## Aim of the task
Transcribe exactly the lines below that begin at the line with "Ranveer Singh Wants" and stop after the line with "Lambs & Ivy", leaving out every picture.

## Information
—————

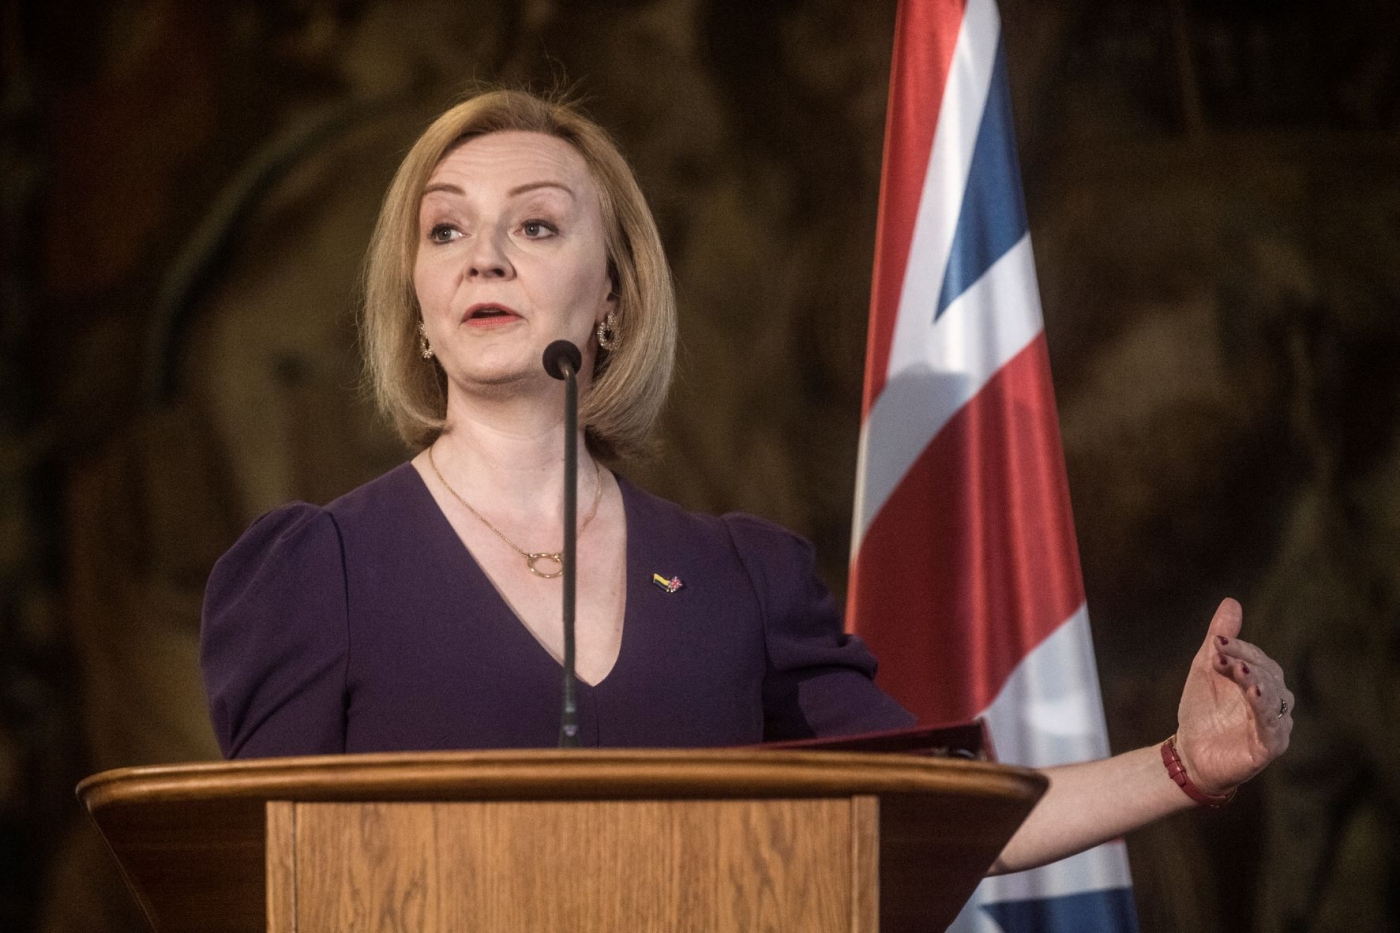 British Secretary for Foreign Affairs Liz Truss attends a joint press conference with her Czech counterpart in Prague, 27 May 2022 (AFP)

—————

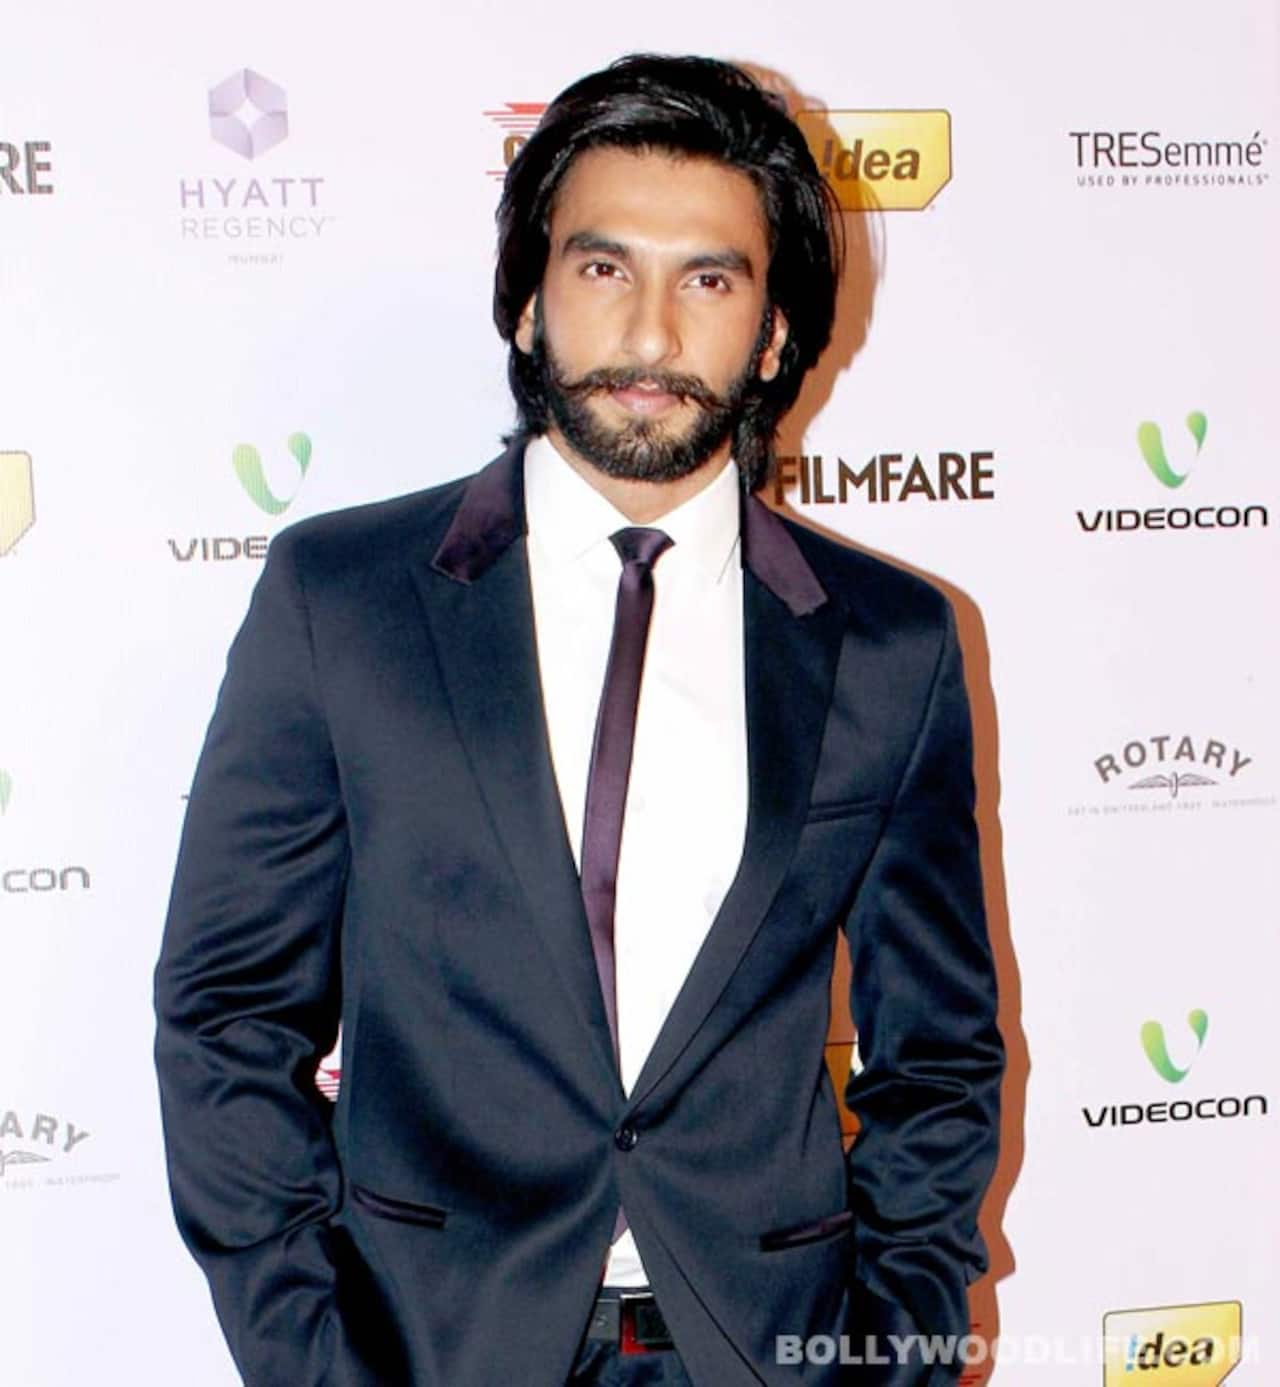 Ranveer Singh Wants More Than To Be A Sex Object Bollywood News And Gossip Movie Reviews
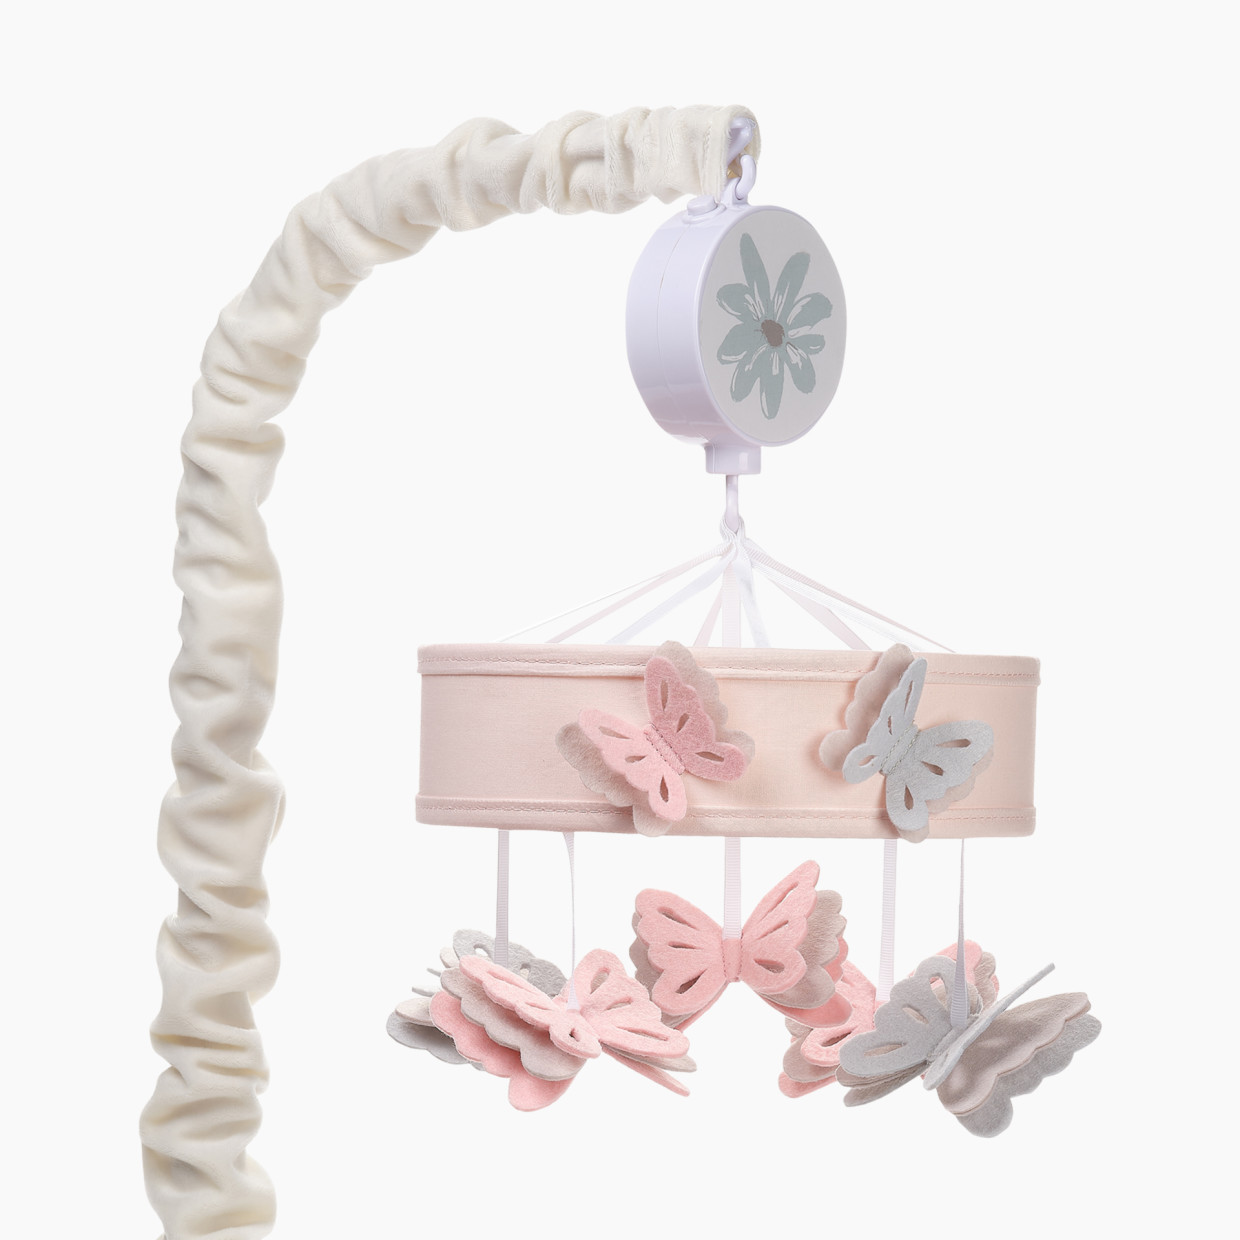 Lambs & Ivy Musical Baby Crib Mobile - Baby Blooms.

—————

## Solution for this problem
 Ranveer Singh Wants More Than To Be A Sex Object Bollywood News And Gossip Movie Reviews
 Lambs & Ivy Musical Baby Crib Mobile - Baby Blooms.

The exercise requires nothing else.